To have accepted an incredible fact as true gave her a rather heady feeling: if Orr’s dreams worked, what else mightn’t work? Also she had eaten nothing since noon, and the coffee and brandy were hitting hard.
He stared some more.
“I’ve done it. Took psych courses in college, in pre-law. We all worked out both as hypnotizers and subjects, in one course. I was a fair subject, but real good at putting the others under. I’ll put you under, and suggest a dream to you. About Dr. Haber—making him harmless. I’ll tell you just to dream that, nothing more. See? Wouldn’t that be safe—as safe as anything we could try, at this point?”
“But I’m hypnosis-resistant. I didn’t use to be, but he says I am now.”
“Is that why he uses vagus-carotid induction? I hate to watch that, it looks like a murder. I couldn’t do that, I’m not a doctor, anyway.”
“My dentist used to just use a Hypnotape. It worked fine. At least I think it did.” He was absolutely talking in his sleep and might have maundered on indefinitely.
She said gently, “It sounds like you’re resisting the hypnotist, not the hypnosis.... We could try it, anyhow. And if it worked, I could give you posthypnotic suggestion to dream one small what d’you call it, effective, dream about Haber. So he’ll come clean with you, and try to help you. Do you think that might work? Would you trust it?”

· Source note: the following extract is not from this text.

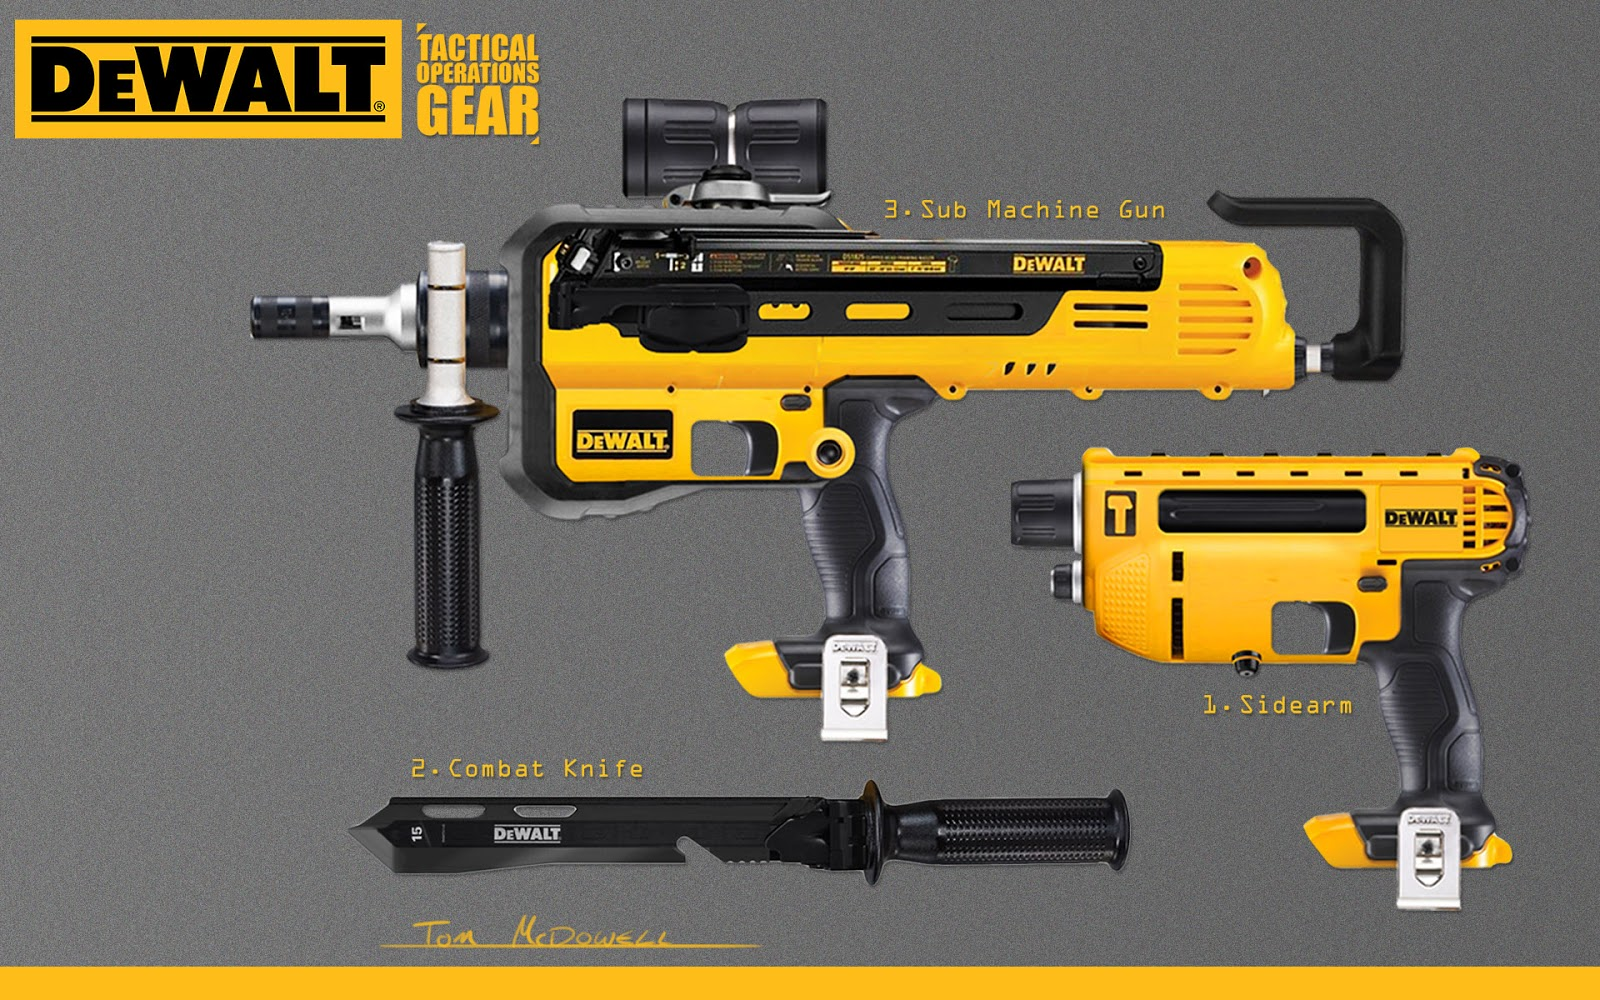 Tom McDowell: Dewalt Guns

“I could get some sleep, anyway,” he said. “I ... will have to sleep sometime. I don’t think I can go through tonight. If you think you could do the hypnosis...”
“I think I can. But listen, have you got anything to eat here?”

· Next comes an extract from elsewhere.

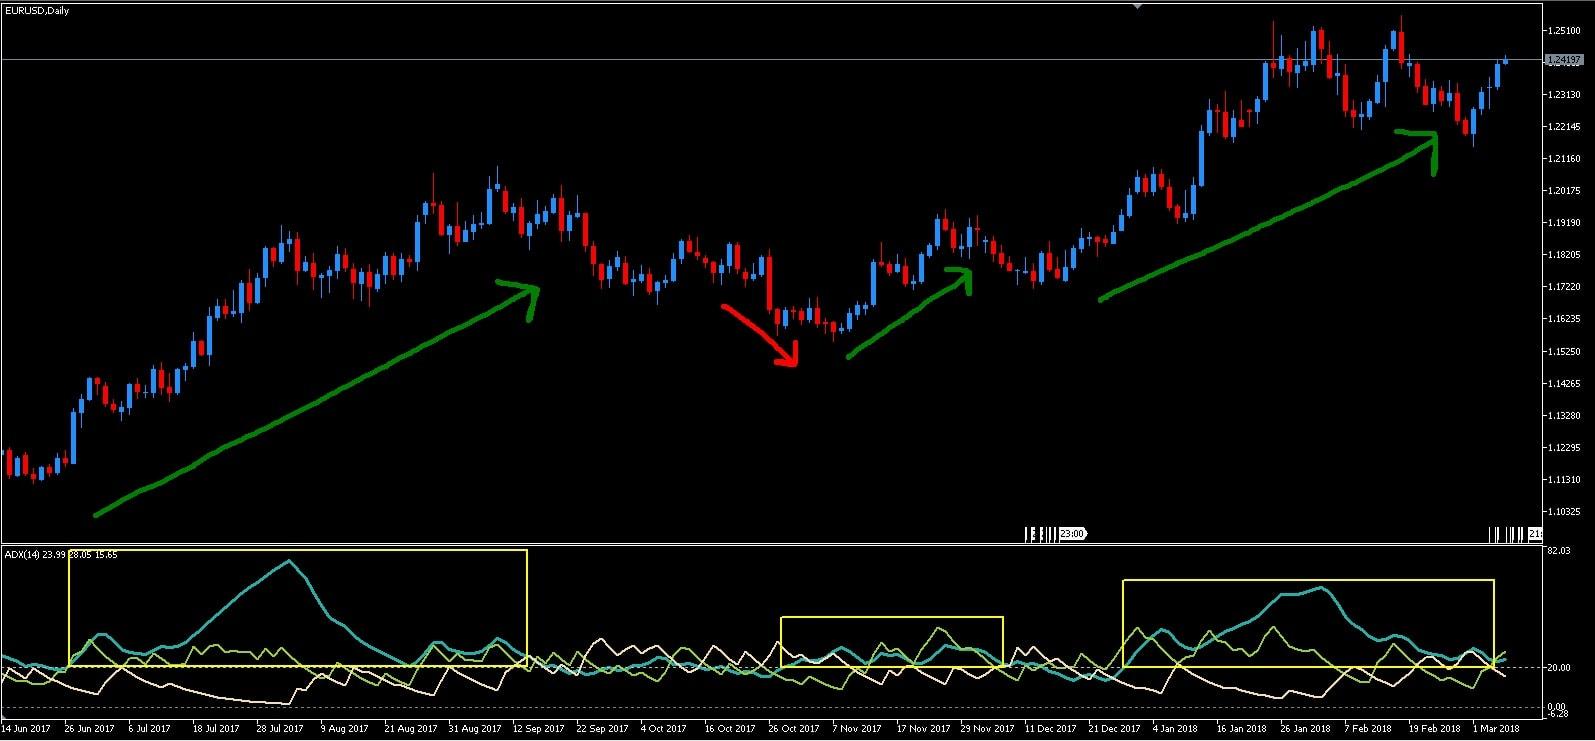 Indicateur de volatilité ADX

“Yes,” he said drowsily. After some while he came to. “Oh yes. I’m sorry. You didn’t eat. Getting here. There’s a loaf of bread....” He rooted in the cupboard, brought out bread, margarine, five hard-boiled eggs, a can of tuna, and some shopworn lettuce. She found two tin pie plates, three various forks, and a paring knife. “Have you eaten?” she demanded. He was not sure. They made a meal together, she sitting in the chair at the table, he standing. Standing up seemed to revive him, and he proved a hungry eater. They had to divide everything in half, even the fifth egg.